I just saw Amazon came out with the new HD10.  I currently have a HDX8.9.  I love it but have always thought for magazines and videos a larger screen would be great.  I download several magazines every month from my local library via Zinio for libraries.  Has anyone else tried Zinio for libraries on the new HD10?  What is the difference between HD and HDX?  Thanks in advance for any help.


----------



## BruceS (Feb 7, 2009)

I have not tried Zinio, but I do have both the HDX 8.9 and the HD10.

If I put them both side by side with the long axis of the tablets facing so that I am viewing them like book pages, the page width is identical and the height is greater for the HD10.

The only magazine I currently have a subscription to is National Geographic. 

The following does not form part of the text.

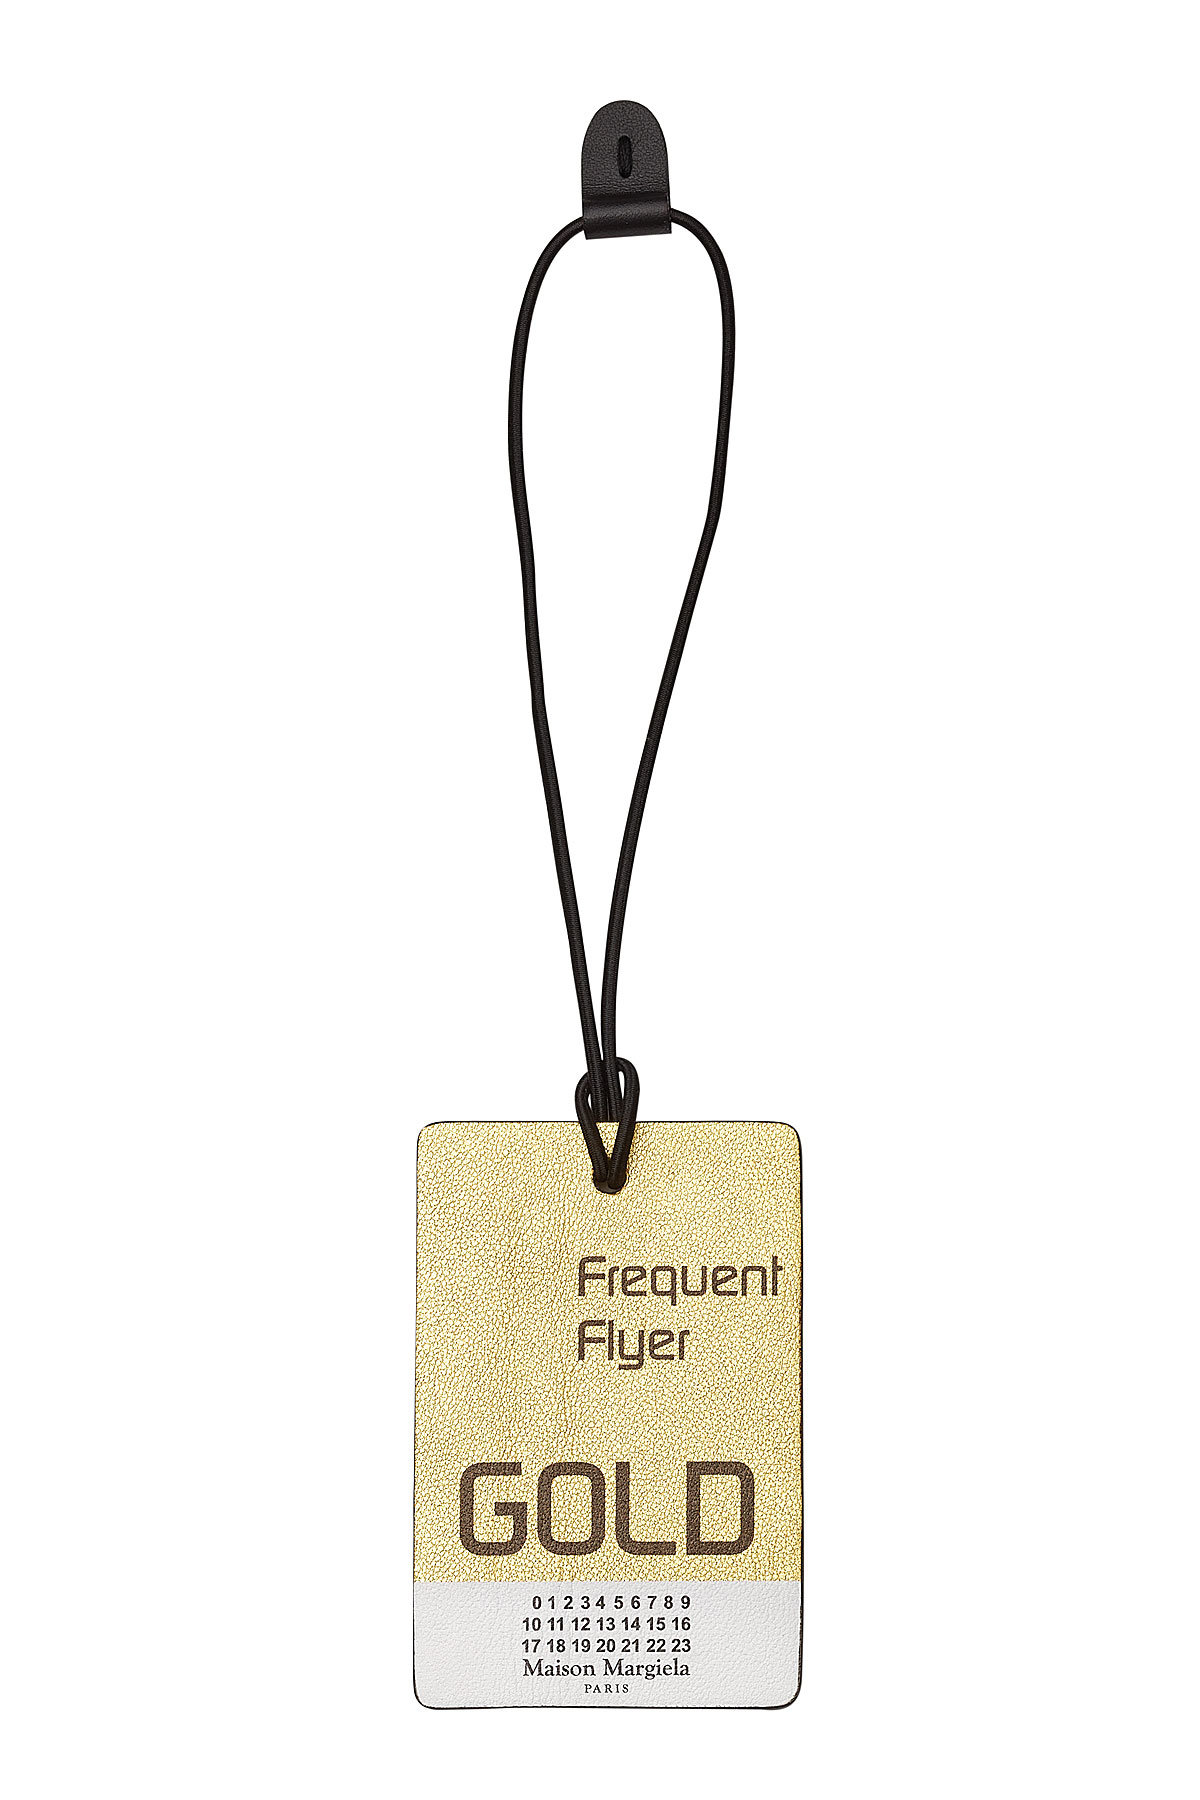 Frequent Flyer Luggage Tag by Maison Margiela

Neither Fire allows a full page view with a font that is any where near large enough to be readable for me.


----------



## MsScarlett (Jan 12, 2010)

I put the Zinio app on my HD 10 and so far, so good.  It's a nice size for magazines.  I don't have an HDX for comparison any more, but I like having the bigger screen for magazine browsing.


----------



## barryem (Oct 19, 2010)

I have the Fire HD 8.9 and also a couple of 10" tablets with the same resolution as the new 10" Fire.  The extra size is helpful but for comic book reading the higher resolution of the HD 8.9 is a big improvement and far outweighs the value of the larger screen.

This is a minor issue for me since I don't read many comics but I read one now and then and I thought it was worth mentioning.

Barry


----------



## MaxLee (Oct 7, 2015)

Mollyb52 said:


> I just saw Amazon came out with the new HD10. I currently have a HDX8.9. I love it but have always thought for magazines and videos a larger screen would be great. I download several magazines every month from my local library via Zinio for libraries. Has anyone else tried Zinio for libraries on the new HD10? What is the difference between HD and HDX? Thanks in advance for any help.


I have tried new HD10, I also had HDX8.9 before and it is huge difference. Firstly had difficulties in setting, but managed it
Max


----------